What differentiates this record from others like it? Chariot! has a better sense of humor than the Brought Low, and are probably a bit more approachable because they pick their spots to get ferocious. They're much more willing to experiment with recording hijinx than the guys in Bad Wizard are: they're more playful, more elastic. And yes, I'm comparing Chariot! to New York bands. There isn't so much of this stuff in Jersey -- since about a third of our state is actually below the Mason-Dixon line, I think we tend to be more self-conscious in our approximation of Southern-rock. We're either intimidated or overly reverent. Chariot! are neither.

What's not so good?: I have to draw the line somewhere, and for me, it's "Dracula's Baby". I find the metaphor facile (even by mook-rock standards), the faux-horror music choppy, and I'm completely unconvinced by D-Lux's perfomance. Where he's usually effective, here he sounds overly parodic, and maybe even a little whiny.

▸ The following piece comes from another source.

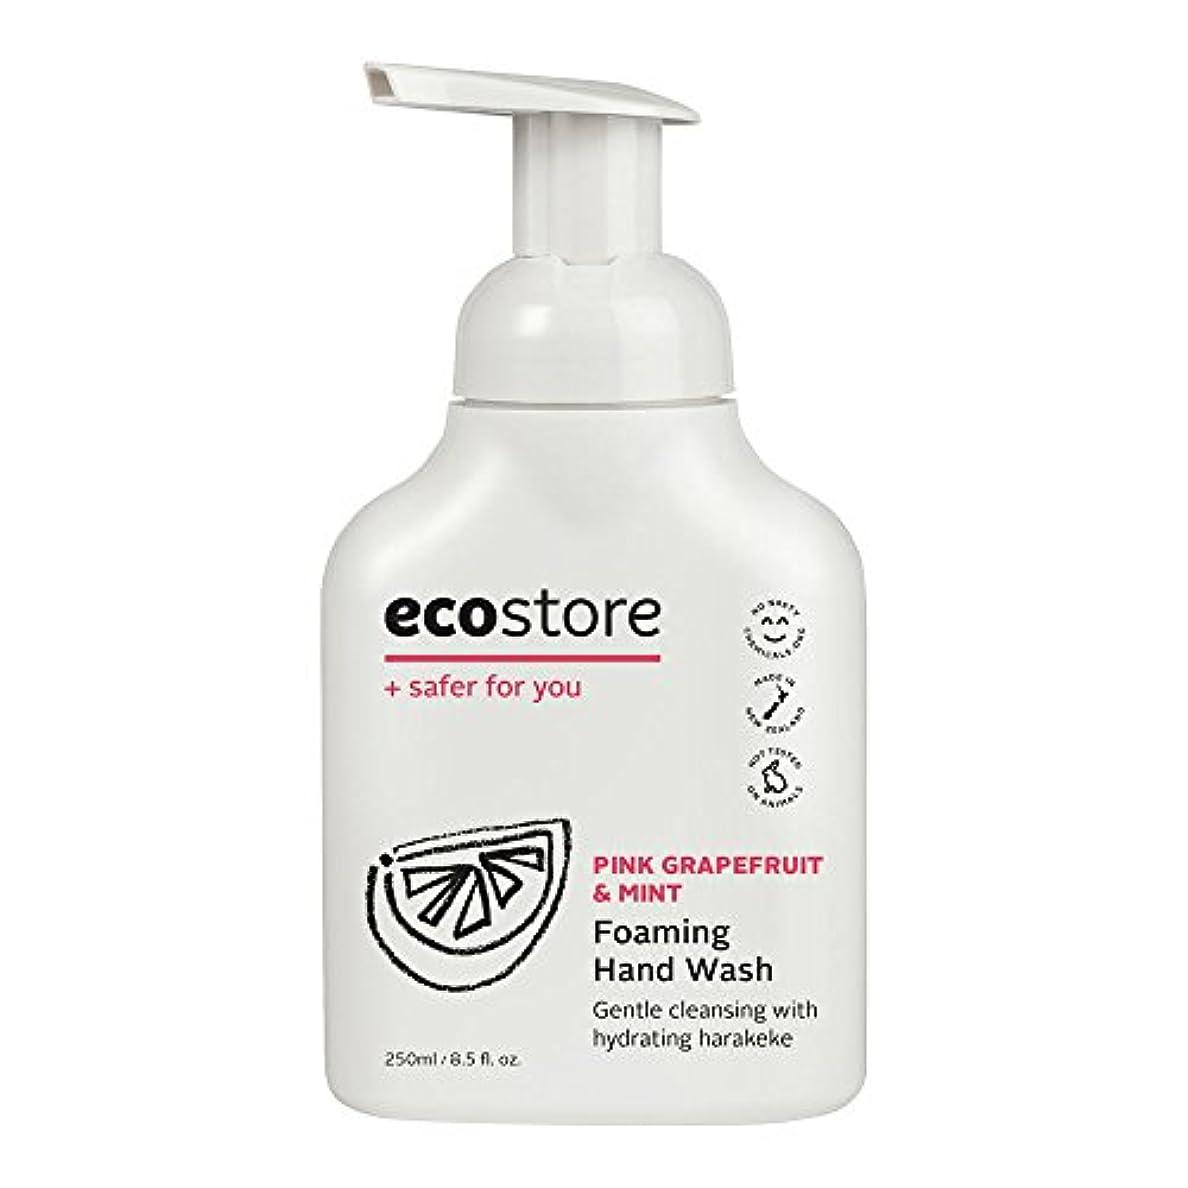 ecostore(エコストア) ハンドウォッシュ 【ピンクグレープフルーツ&ミント】 250mL 泡タイプ

Recommended?: This is an immensely enjoyable rock record that I've given spin after spin. They don't take themselves too seriously, and they don't ask you to, either. But since Chariot! is so stylized, it's worth asking whether it's exploiting its target: are these guys making fun of boogie bands, or are they a boogie band themselves? I don't really think it matters one way or the other, but I think whatever their original intentions were, they're worth taking seriously as formalists. Loose, cheeky, playful formalists, sure, but authentic revivalists nonetheless.

Where can I get a copy/hear more?: Chariot! is available through Useless Records. The website features a great video for "Detroit", complete with car chases, dancing girls, and old autos doing impossible low-rider tricks.